Philip Mallory Jones

Philip Mallory Jones

Biography

A media artist who has been active in video since the early 1970s, Philip Mallory Jones synthesizes what he terms the "realities of African culture and my own emotional and metaphysical odyssey." He writes: "My work has always considered the screen as a canvas, rather than a window, and explored ways of telling stories through emotional/sensorial experience. I am seeking, in my research, a synthesis of African and diaspora sensibilities and my artmaking, to transpose this synthesis to electronic media art."

Jones explores the emerging global African diaspora culture and consciousness through nonverbal storytelling and an evocative, transcultural language of sound and image construction. Rhythmically textured tapes such as Wassa (1989) and Jembe (1989), shot in Burkina Faso and Angola, engage in a transcultural dialogue through the development of codes based on what Jones terms "emotional progressions and an African sensorium." Articulating social themes with personal resonance, Jones merges experimental narrative and subjective documentary forms. In multi-channel installations such as Footprints (1987) and Dreamkeeper (1989), the complex visual, aural and narrative constructions encourage transcultural interpretation.

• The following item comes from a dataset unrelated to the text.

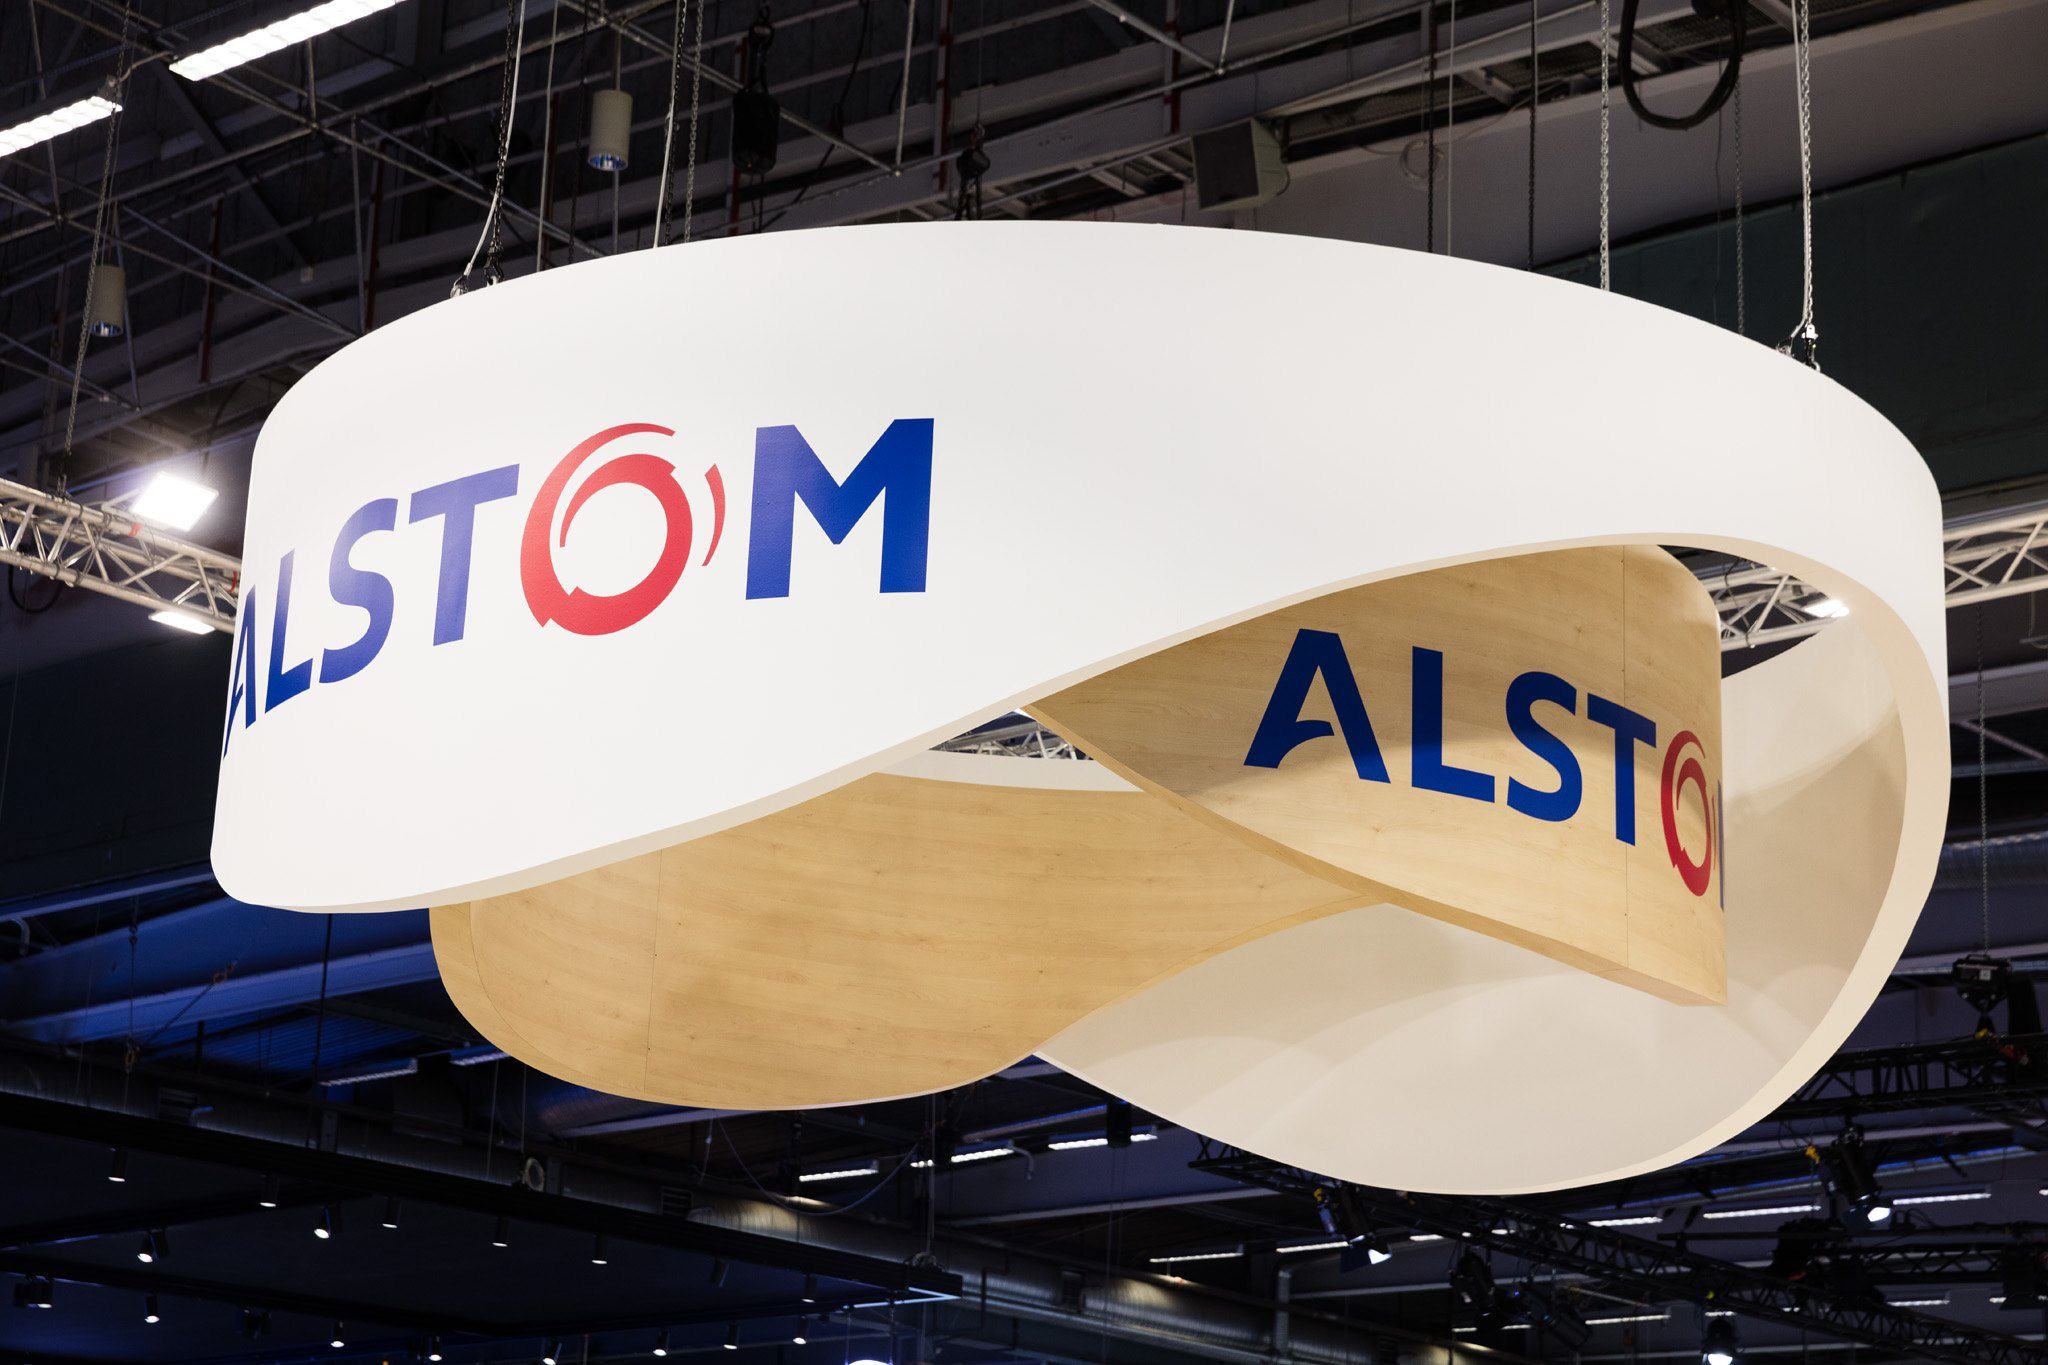 Alstom confirms talks underway to acquire Bombardier Transportation

Jones has long played an important role in the media arts field; he was founder and Executive Director of Ithaca Video Projects, a pioneering media arts center, from 1971 to 1984, and Director of the Ithaca Video Festival from 1974 to 1984. Jones received a B.A. from Beloit College and an M.F.A. in creative writing from Cornell University. Among his numerous awards are grants and fellowships from the New York State Council on the Arts, the National Endowment for the Arts, the Television Laboratory at WNET/Thirteen, the American Film Institute, and Creative Artists Public Service (CAPS). He founded Footprints Productions, Inc. in 1988, and is currently its director. He has taught at Cornell University, Ithaca College and Howard University; and is currently an assistant professor in media/communications at the State University of New York, Fredonia. He has been artist-in-residence and visiting artist at the Television Laboratory at WNET/Thirteen; American Center, Paris; Long Beach Museum of Art, California; Colgate University; Temple University; and Aesthetic Technologies Lab, College of Fine Arts, Ohio University, among other institutions. His videotapes and installations have been exhibited internationally, at festivals and institutions including the Everson Museum of Art, Syracuse; Museum of Contemporary Art, Chicago; Artists Space, New York; American Film Institute National Video Festival, Los Angeles; 2nd National Black Arts Festival, Atlanta; FestRio, Brazil; and the California Afro-American Museum, Los Angeles. His videotapes were the subject of a 1990 retrospective at The Brooklyn Museum of Art. Jones lives in Atlanta, Georgia.